Un certain nombre de groupes associés à l’idée du Khalistan sont répertoriés comme « organisations terroristes » en vertu de la loi indienne sur les activités illégales (prévention) (UAPA). Le nom de Nijjar apparaît sur la liste des terroristes de l’UAPA et en 2020, l’Agence nationale d’enquête indienne l’a accusé de « tenter de radicaliser la communauté sikh à travers le monde en faveur de la création du « Khalistan » ».
Plusieurs organisations sikhes à l’étranger affirment que le gouvernement indien assimile à tort le mouvement au terrorisme et affirment qu’elles continueront à plaider pacifiquement en faveur de la création du Khalistan, tout en mettant en lumière ce qu’elles considèrent comme des années de violations des droits humains auxquelles la communauté est confrontée en Inde.
L’histoire du Khalistan
Les Sikhs possédaient autrefois leur propre royaume au Pendjab et les efforts en faveur de la création du Khalistan remontent à plusieurs décennies, à peu près au moment où l’Inde a obtenu son indépendance de ses dirigeants coloniaux britanniques en 1947.
Lorsque la partition a divisé à la hâte l’ancienne colonie selon des critères religieux – en envoyant des musulmans dans la nation nouvellement formée du Pakistan, et des hindous et des sikhs vers l’Inde nouvellement indépendante – le Pendjab, qui a été coupé en deux, a connu certaines des pires violences.
Les sikhs ont beaucoup souffert de l’effusion de sang qui a suivi et la communauté s’est sentie maltraitée dans la nouvelle nation à majorité hindoue, ce qui a incité certains dirigeants éminents à plaider en faveur de la création du Khalistan. Au fil des années, de violents affrontements ont éclaté entre les partisans du mouvement et le gouvernement indien, faisant de nombreuses victimes.
Dans les années 1980, le Pendjab a été témoin d’une insurrection qui a duré une décennie de la part de certains militants du Khalistan, qui ont commis une série de violations des droits humains, notamment le massacre de civils, des bombardements aveugles et des attaques contre des hindous, selon Human Rights Watch.
Dans le cadre d’opérations anti-insurrectionnelles, les forces de sécurité indiennes ont arbitrairement arrêté, torturé, exécuté et « fait disparaître » des dizaines de milliers de Sikhs, a déclaré l’organisation de défense des droits. Le gouvernement indien a également adopté une législation anti-insurrectionnelle qui a facilité les violations des droits humains et a protégé les forces de sécurité de toute responsabilité pour ces violations, ajoute le communiqué.
En 1984, Indira Gandhi, alors Premier ministre, a ordonné aux troupes indiennes de prendre d’assaut le Temple d’Or d’Amritsar – le sanctuaire le plus sacré du sikhisme – pour tuer les séparatistes sikhs, dans une opération qui a provoqué une immense colère au sein de la communauté sikh.
Gandhi a été assassinée par ses gardes du corps sikhs dans la foulée, provoquant une nouvelle vague de violence qui a tué plus de 3 000 personnes, pour la plupart des Sikhs.

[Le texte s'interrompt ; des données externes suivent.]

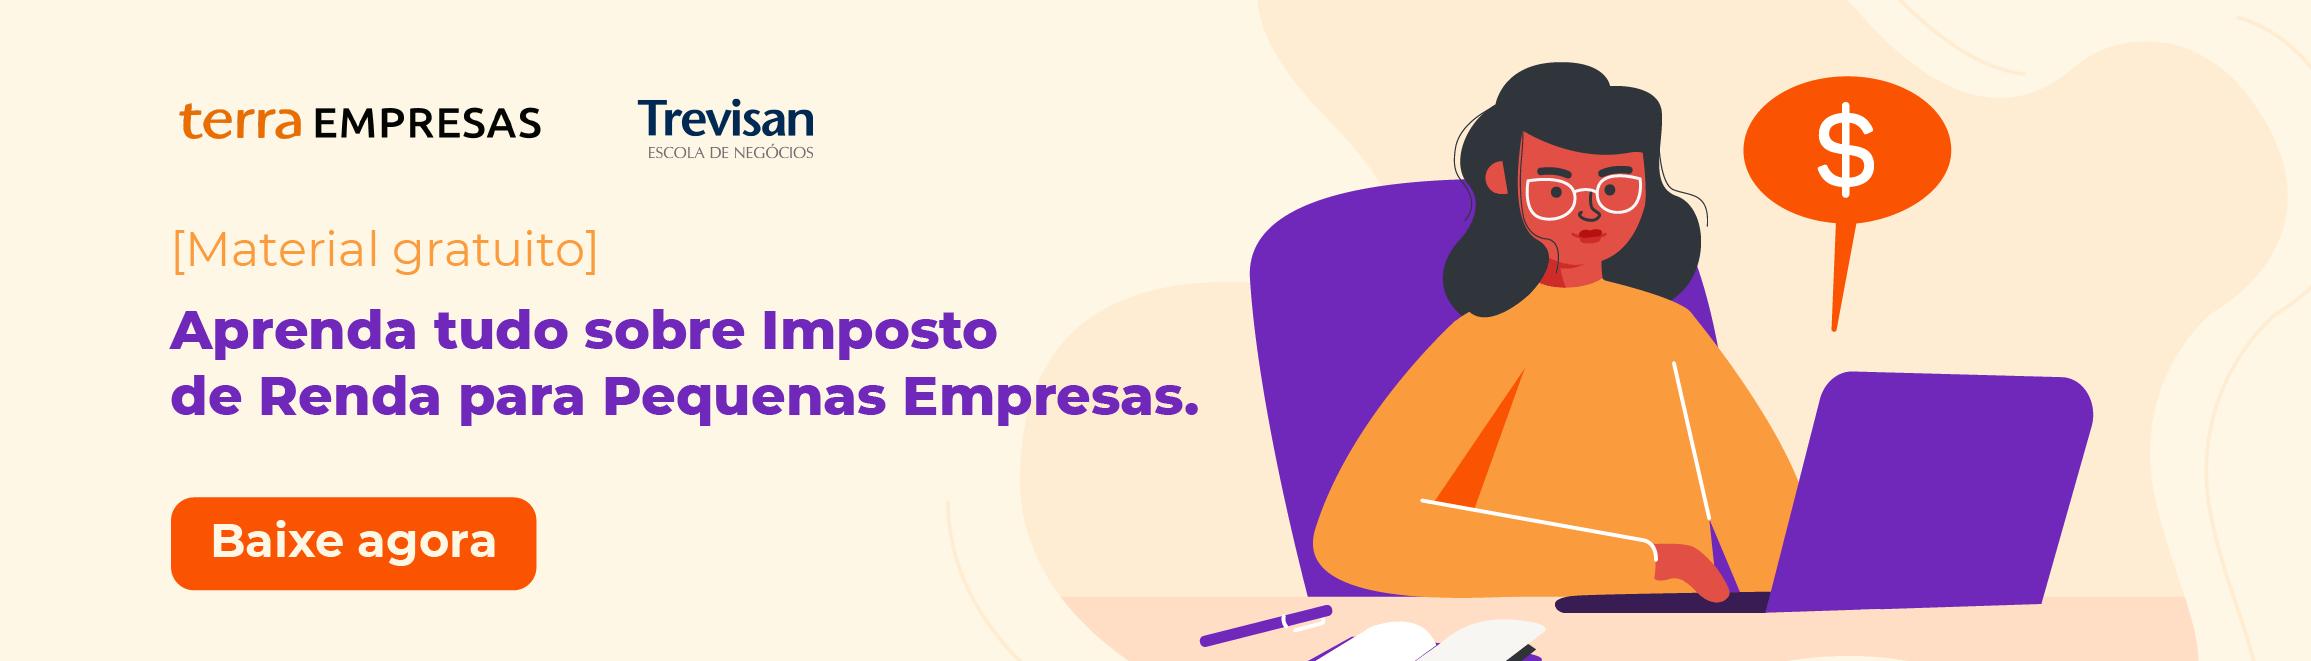 04110-Terra- Whitepaper pós Webinar Trevisan- Peças- CTA

Un an plus tard, la violence s’est propagée au Canada, lorsque des séparatistes sikhs ont bombardé un avion d’Air India qui avait décollé de l’aéroport de Toronto, tuant les 329 personnes à bord, dont de nombreux Canadiens d’origine indienne.
Le mouvement Khalistan maintenant
Il n’y a pas d’insurrection au Pendjab aujourd’hui et les analystes affirment que les partisans du mouvement Khalistan restent très en marge en Inde.
Cependant, le mouvement continue de susciter une certaine sympathie de la part de certains sikhs de la diaspora mondiale, en particulier au Canada, en Grande-Bretagne et en Australie.
Un nombre restreint mais influent de ces Sikhs soutiennent l’idée du Khalistan, avec des référendums périodiques organisés pour parvenir à un consensus sur l’établissement d’une patrie distincte.
La mort de Nijjar a choqué et indigné de nombreuses personnes au sein de la communauté sikh du Canada, qui compte plus de 770 000 membres et est l’une des plus importantes en dehors de l’Inde.
La police canadienne n’a arrêté personne en lien avec le meurtre de Nijjar. Mais en août, la police a déclaré qu’elle enquêtait sur trois suspects et a publié une description d’un possible véhicule de fuite, demandant l’aide du public.